Using that method, here's the worst I could find from the last 500 match games: 311088-311587
White has a mate in one on move 32, but misses it and gets check-mated a couple moves later: http://www.lczero.org/match_game/311146
White doesn't protect against black's mate in one on move 46 (according to Lichess, white had a small advantage), but then black misses the opportunity and ends up with a draw: http://www.lczero.org/match_game/311121
White gives black a mate in two opportunity on both move 94 and 96, but black misses it both times: http://www.lczero.org/match_game/311554
Black had a forced mate in 5, but ends up with a draw: http://www.lczero.org/match_game/311240 https://lichess.org/analysis/8/8/pRpB4/2P2k2/P3p2K/4P3/5n2/6r1%20b%20-%20-%204%2047#93
White missed a simple tactic to capture black's queen on move 42, would have won but goes on to lose: http://www.lczero.org/match_game/311127 https://lichess.org/analysis/6k1/p7/7p/1p1pN3/8/8/1qB2R1K/8%20w%20-%20-%200%2042#82
Black misses trading its rook for a queen on move 38: http://www.lczero.org/match_game/311379
Id: Leela gets checkmated! Game: https://lichess.org/KAxNVVzc#56 Bad move: 29. Qa3, (Stockfish eval goes from -0.2 to #-8) Correct move: f3 Configuration: lc0 cudnn - May 26 (default parameters), Windows 10 x64, Nvidia Titan V, Intel i5-7400T quad core, 32 GB RAM Network ID: 346 Time control: 60" + 2" Comments: Leela was ahead but blundered and was checkmated
I just re-tested NN350 against MultiMove #1 position above.
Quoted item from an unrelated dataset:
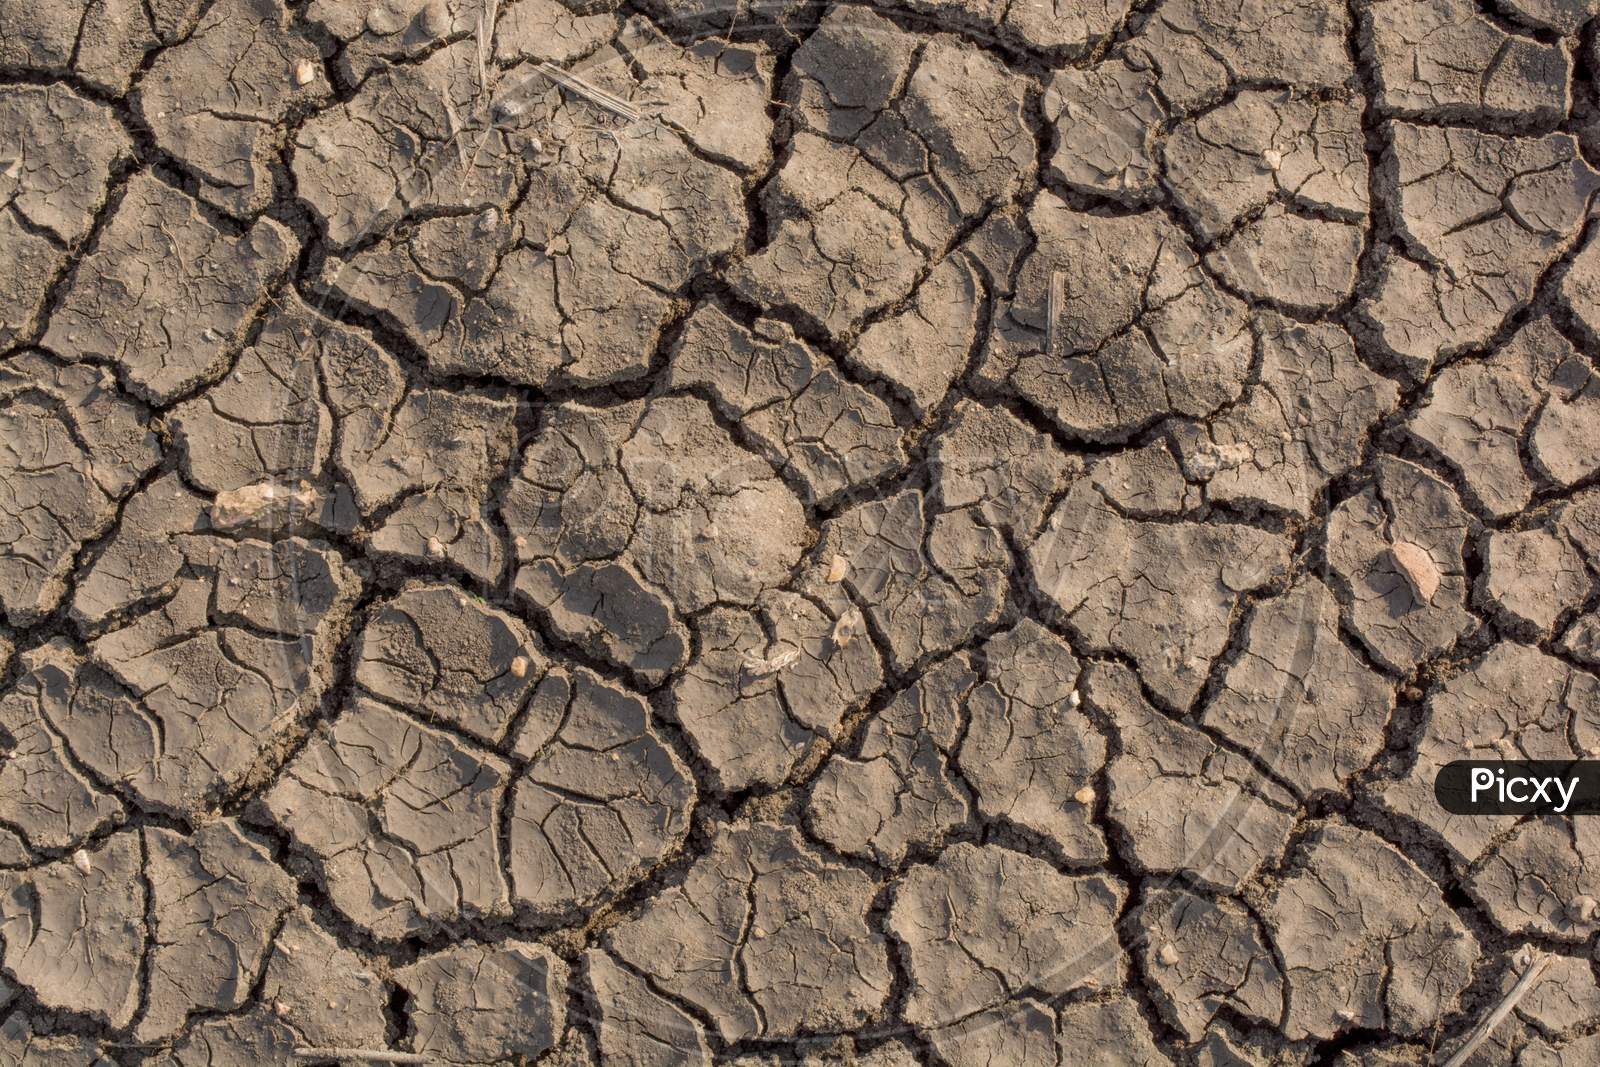 Dry Soil Arid,Drought Land Of India In Summer Seasion.

lczero.exe -w weights.txt position fen 6k1/4bpp1/2q1p2p/2p1P3/2P1N2P/2Bn1QP1/5P1K/8 b - - 0 35 go movetime 1000
info string Qd7 -> 15 (V: 33.78%) (N: 39.14%) PV: Qd7 Nd6 Nxe5 Bxe5 Bxd6 Qd3 Qc6 Qxd6 info string Nb4 -> 68 (V: 47.26%) (N: 31.72%) PV: Nb4 Kg2 Qa6 Nd2 Nc6 Qe4 Bf8 info string stm Black winrate 43.84%
That looks okay at that point, but NN350 still recommends the losing 35...Nb4 and doesn't notice the problems with it until 58kN.
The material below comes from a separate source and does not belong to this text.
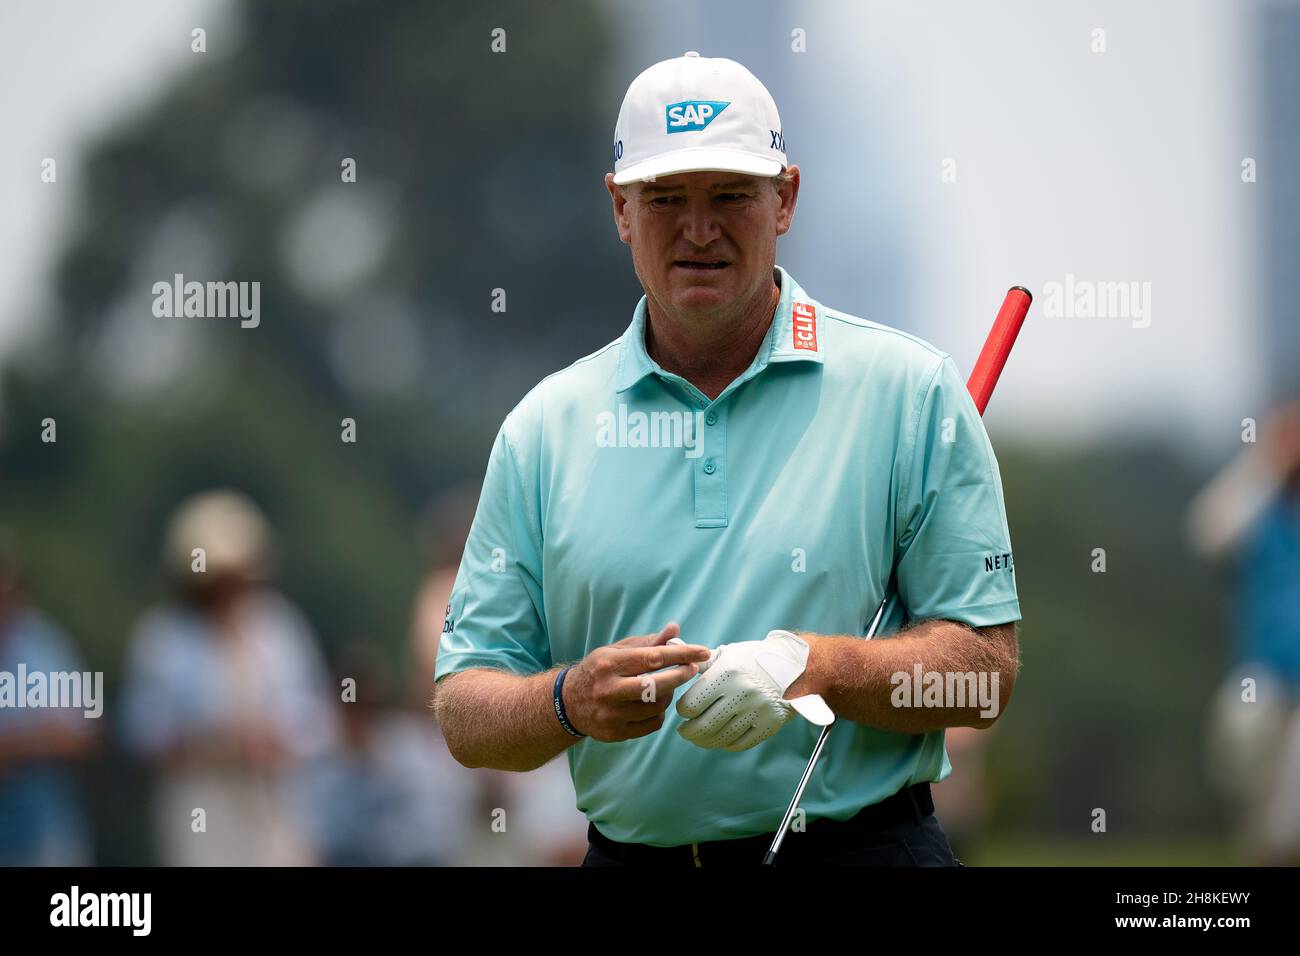 Ernie Els during round 1 of The Australian Open Golf at The Australian Golf Club on December 05, 2019 in Sydney, Australia. Credit: Speed Media/Alamy Live News Stock Photo

She recommends the saving 35...Qd7 only after 129kN (NN316 found it in 19kN, NN311 in 29kN).
So tactically, at least in this case, things seem to have gone backwards again? Bit disappointing.
Ok, this was frokm CLOP test, and really bad. In position below, Bh3+ wins queen on the spot. Even on my quad with GTX1060, LCZero v0.10 (default settings) and id358 take 3m30s to see this!
Here is full PGN. Key move is move 28.
[Event "?"] [Site "?"] [Date "2018.05.28"] [Round "1"] [White "lc0-may22"] [Black "ice3"] [Result "0-1"] [ECO "A05"] [PlyCount "65"] [EventDate "2018.??.??"] [TimeControl "60+1"]
@ASilver... Very similar to one of the match game blunders I referenced above (although this was a little bit older)... """ White missed a simple tactic to capture black's queen on move 42, would have won but goes on to lose: http://www.lczero.org/match_game/311127 """
All of these types of issues seem to be due to Leela having very small priors when it appears that a strong piece is left under attack and undefended. In my opinion, simple 1 and 2 move tactics should set the bar for how flat the training target policies are. If training hasn't found that for many situations it might be good to put the opponent's king in check in order to capture a queen, then IMO, that's a clear signal to flatten out the policies.... For example, making the PUCT/FPU changes you offered should help. Also, it's worth noting that Chess has a much more jagged landscape than Go (and Leela-Zero seems to be the basis for a lot of thoughts regarding PUCT/FPU in Leela-chess) -- chess is full of terrain with very sharp ups and downs. It's very hard for any value head to smooth that out completely. IMO, the policy entropy needs to be increased just to give the value head a chance.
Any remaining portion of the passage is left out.